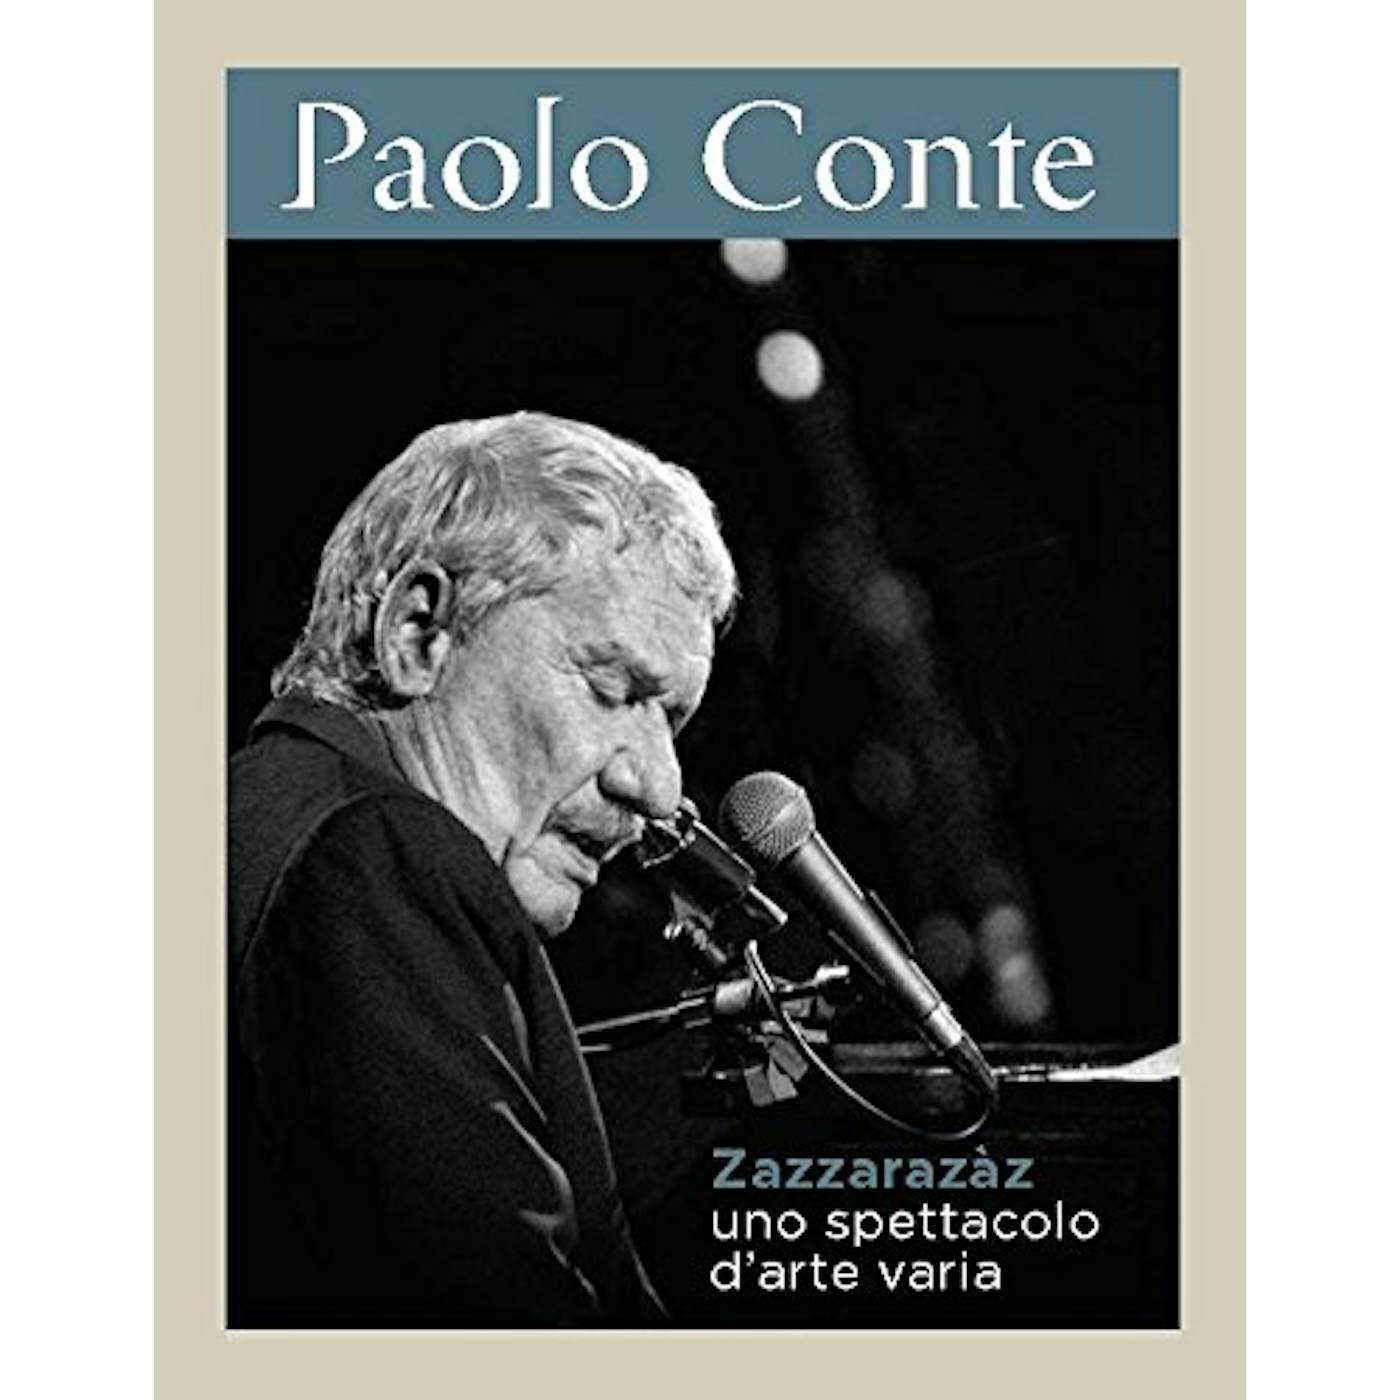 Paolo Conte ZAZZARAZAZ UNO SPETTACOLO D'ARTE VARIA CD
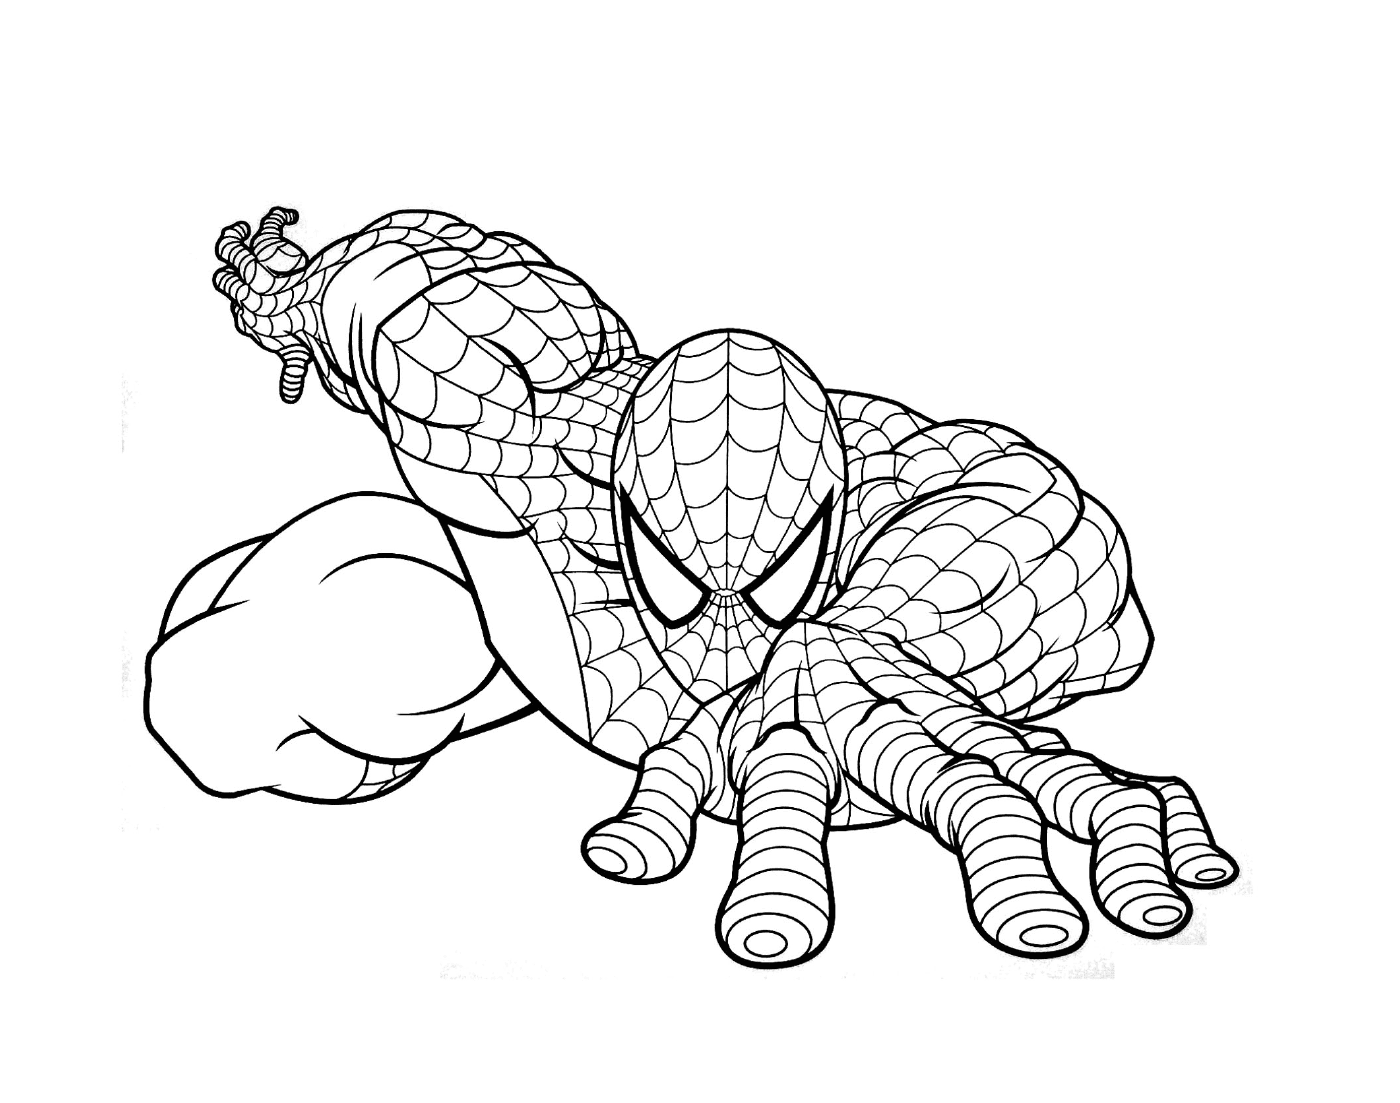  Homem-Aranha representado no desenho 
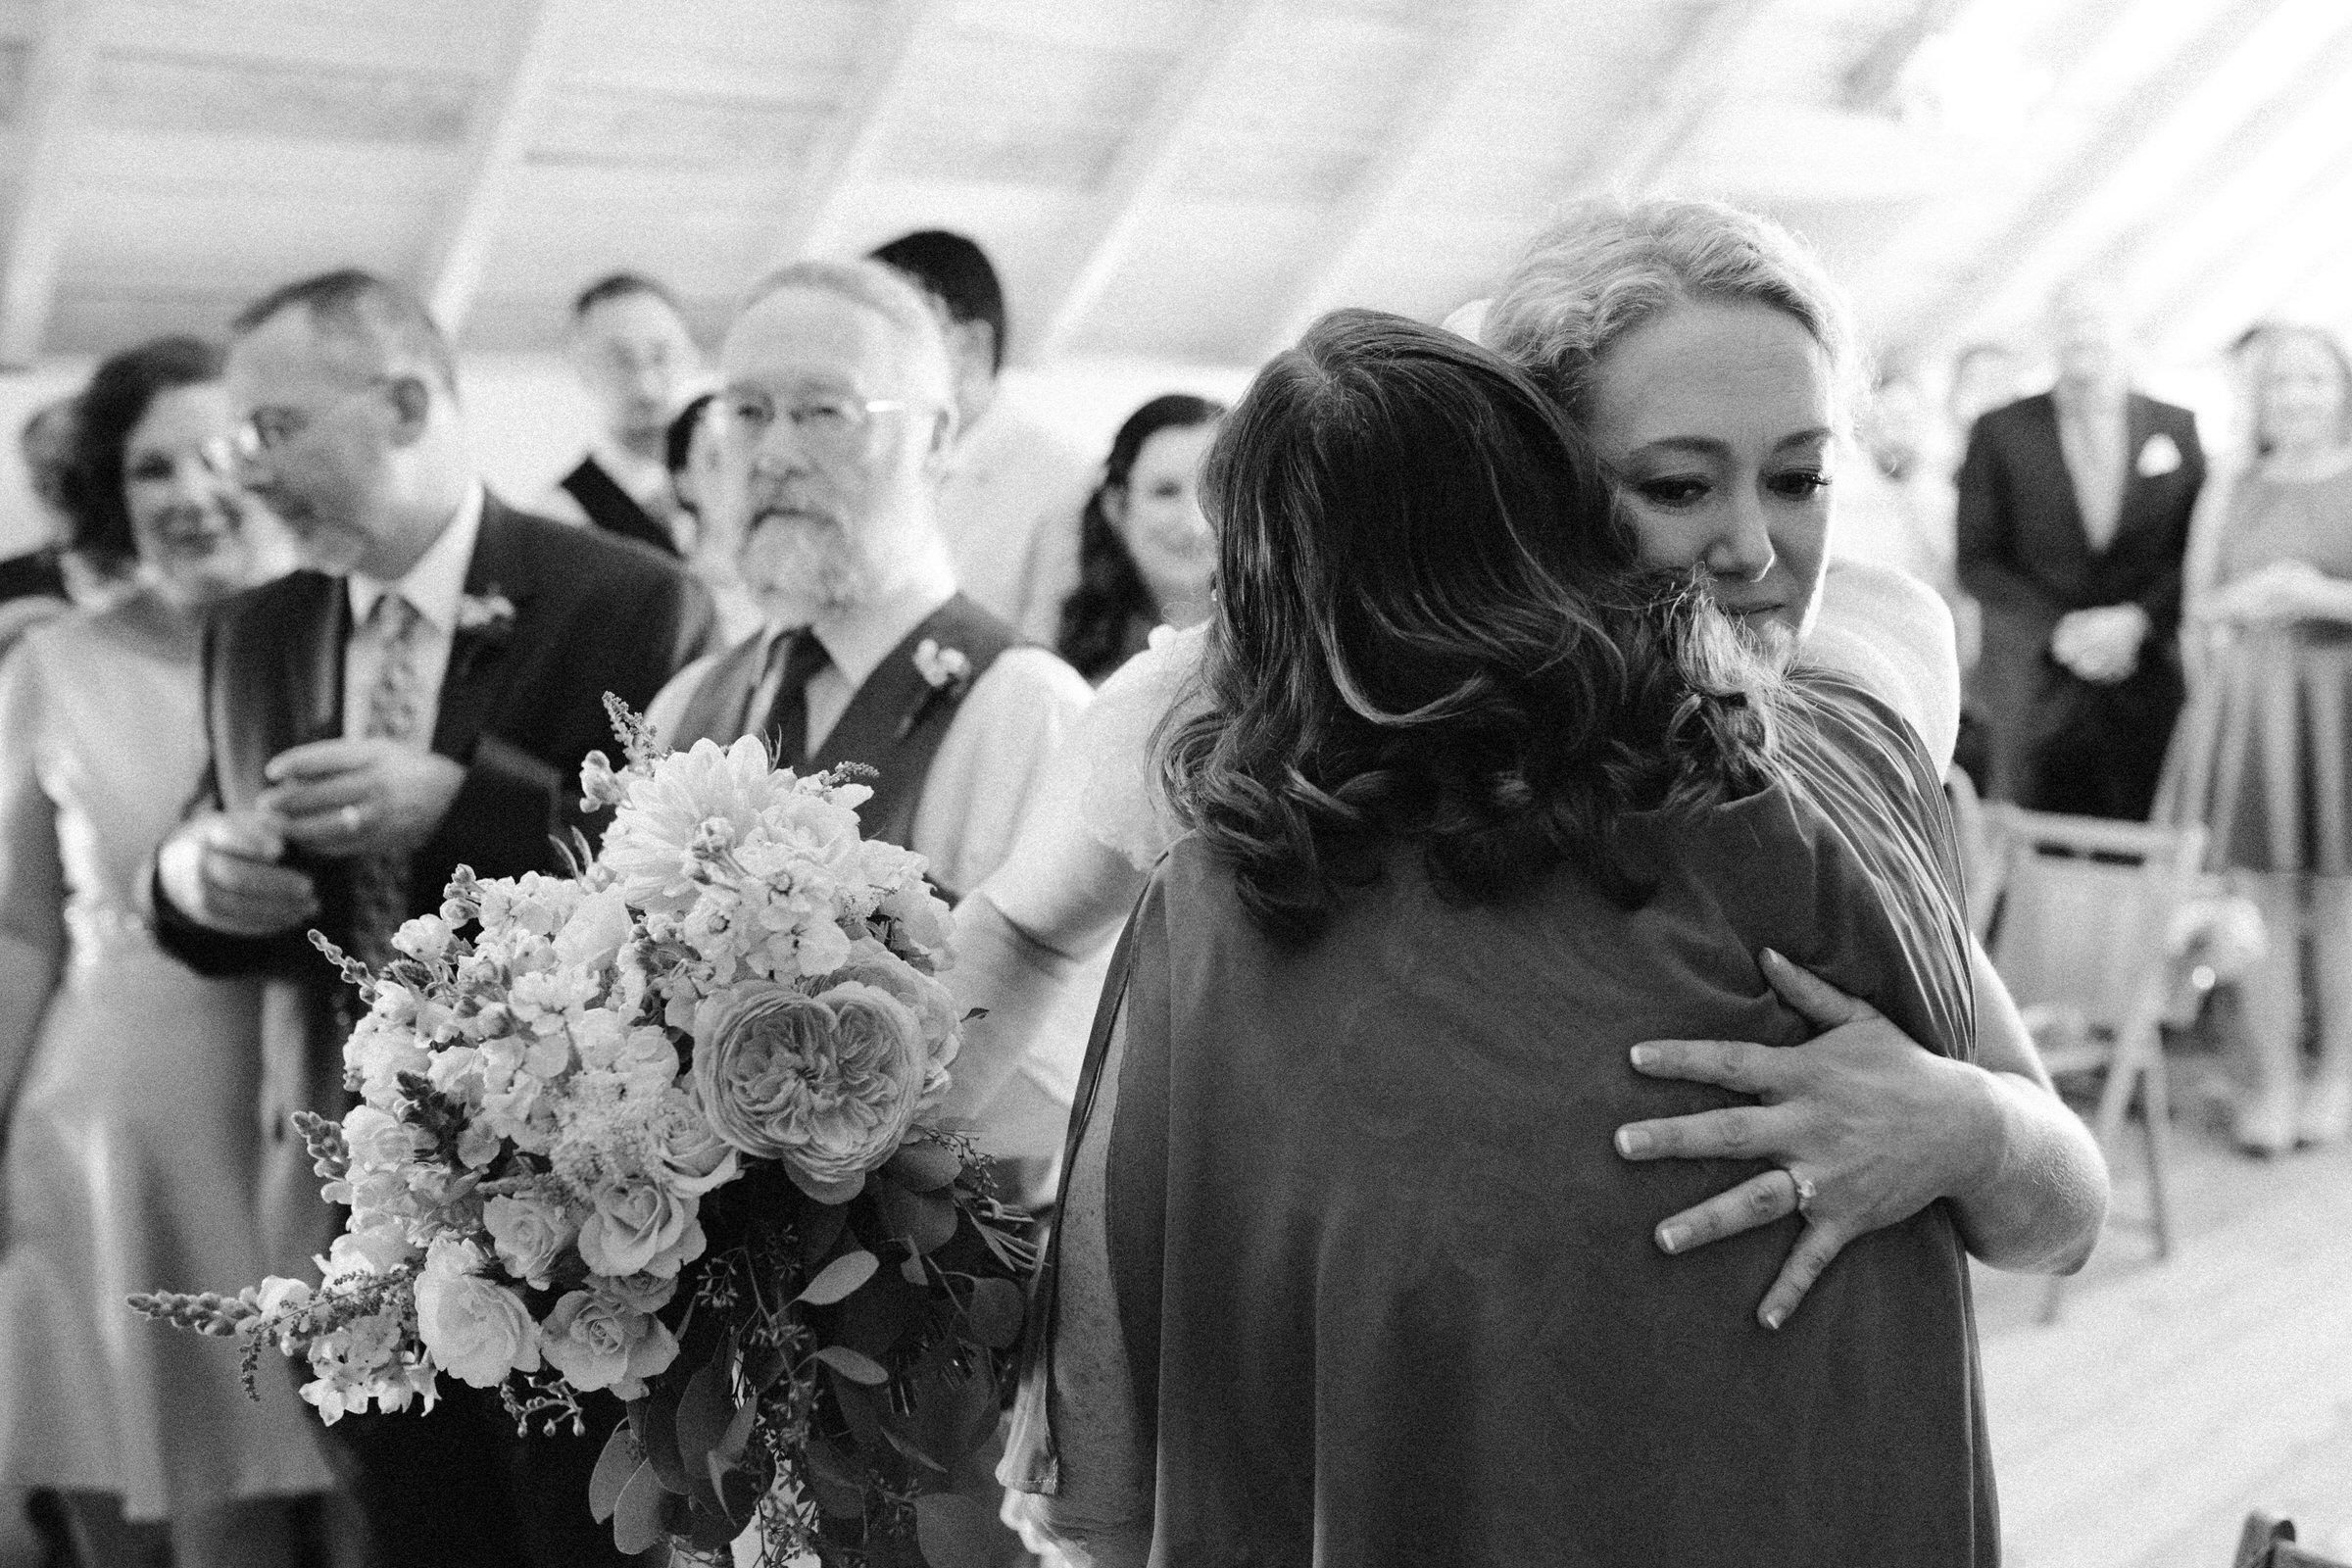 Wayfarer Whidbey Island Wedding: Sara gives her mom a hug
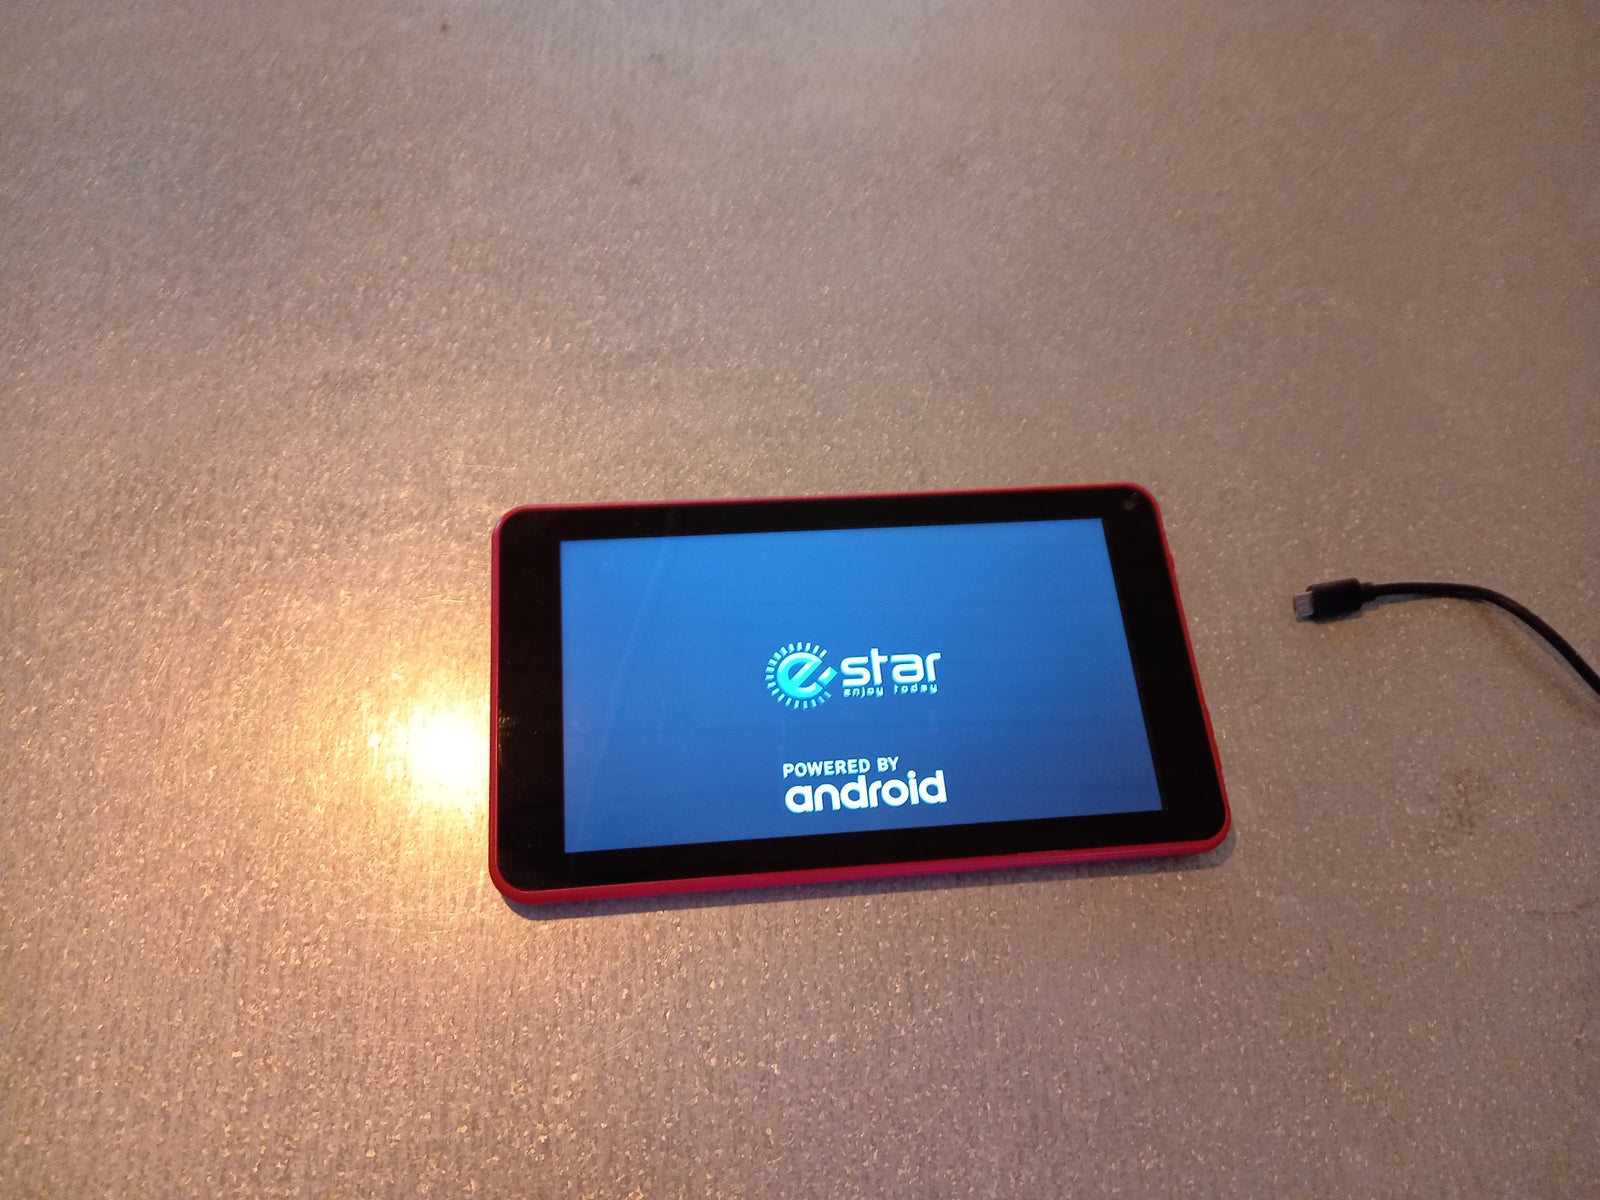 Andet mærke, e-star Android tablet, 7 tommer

####################

• Description of the task
Could you retype exactly the lines running from the one with "Wayfarer Whidbey Island" to the end of the material above, pictures omitted?

• Response below
 Wayfarer Whidbey Island Wedding: Sara gives her mom a hug
 Andet mærke, e-star Android tablet, 7 tommer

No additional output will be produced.